What exactly is the advantage of doing this?

(Not trying to be a smart ass).

----------


## arczi19

Most EU countries are not allowed to use Scroll of Resurrection and Recruit a Friend services. Countries like England, Germany or France are allowed, so the only way for those people to use them is to change their country to one of these. However, quite recently Blizzard removed the ability to change your country. Hence why the exploit  :Smile:

----------


## Sarick

Well I don't see the reason for Tamper Data since you can change it in options <.<.
Go to Settings>Your Contact & Shipping Addresses>Make new address,
and you are done.

----------


## migy

no, u can add new adress, but can't change ur Country for RaF. I'm from Czech Republic and i can't change it via settings.

----------


## moor2

> no, u can add new adress, but can't change ur Country for RaF. I'm from Czech Republic and i can't change it via settings.


^this .




> Greetings Dave,
> 
> Indeed, you are not alone in this matter. The ability to change your country of residence has been removed. This is as intended.
> 
> If you wish to change the country that is registered on the account please provide the following information for account verification:
> 
> - Your account name (please do NOT send us your password)
> - Your full real name
> - Your full address including postal or zip code currently registered on the account
> ...

----------


## OotHE

Would someone from US be able to make the account EU and make a character there? So one wouldn't have to make a new account and all of that sort?

----------


## Igzz

> Would someone from US be able to make the account EU and make a character there? So one wouldn't have to make a new account and all of that sort?


I do not believe so, because the two have completely different licenses.

----------


## Subcore

So this changes it so you are able or you are not able to use raf like normal one ?

----------


## moor2

> So this changes it so you are able or you are not able to use raf like normal one ?


if you have country where its not supported, then you are not able to use it..

----------


## Snowee

Sounds cool, rep sir.

----------


## Darkshades

Before anyone says it's not useful or that you can change the country yourself, you should try to. I could not do a RaF because my country is set to Canada. I sent them a mail saying that I now live in France (lol) and they asked me for proof. If this does indeed work, +rep. Will try it now.

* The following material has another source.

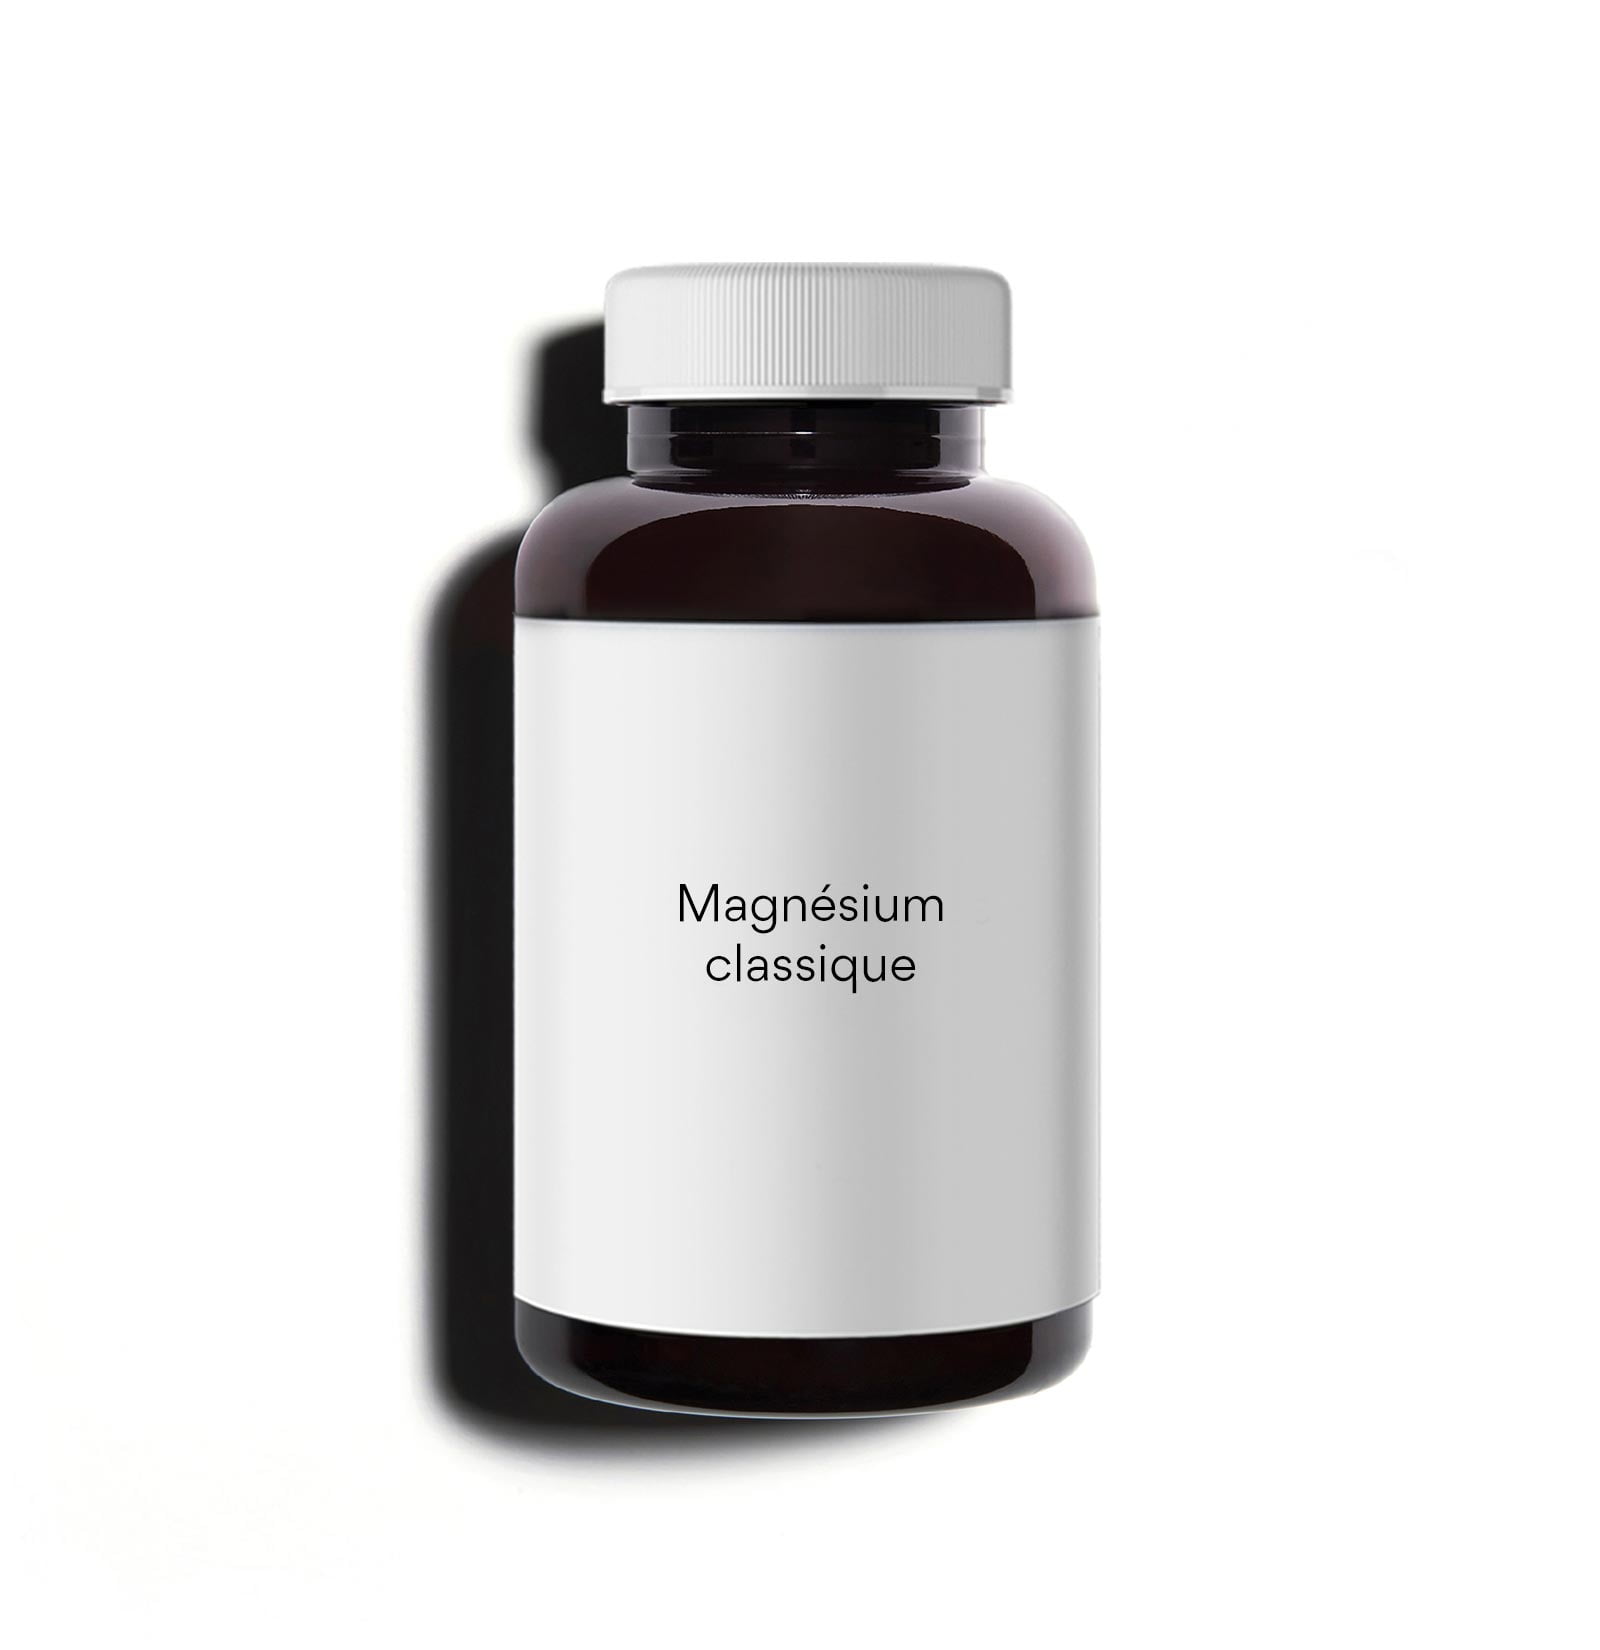 Magnésium classique

Edit: Worked perfectly. + Repping rep.

----------


## junkkiller

dude u rock + 5 rep!!

----------


## OverLordErIcH

Technically this doesn't belong in World of Warcraft exploits since battle net isn't just wow.




> Most EU countries are not allowed to use Scroll of Resurrection and Recruit a Friend services. Countries like England, Germany or France are allowed, so the only way for those people to use them is to change their country to one of these. However, quite recently Blizzard removed the ability to change your country. Hence why the exploit


Why can't other EU countries use those services?

----------


## arczi19

> Technically this doesn't belong in World of Warcraft exploits since battle net isn't just wow.
> 
> 
> 
> Why can't other EU countries use those services?


Some governments laws, I'm not really sure, but it has been mentioned by Blizzard before.

----------


## xlAnonym0uslx

Can this be used to change your date of birth?

----------


## Traxex84

Very cool, no use for me but + rep anyway. I remember a couple of years ago you used to be able to tamper data paypal payments to automated sites e.g. I used to buy a heap of auth codes for some runescape bots, usually $15usd and tamperdata it and make it $0.01. Of course they realised and fixed it pretty quick but the system used to email you the code as soon as a payment had been sent, got hundreds of auth codes for a few dollars and sold them on a few websites for $2 each via paypal. But now it just gets your paypal account locked :/

----------


## Loucy1

> Technically this doesn't belong in World of Warcraft exploits since battle net isn't just wow.
> 
> 
> 
> Why can't other EU countries use those services?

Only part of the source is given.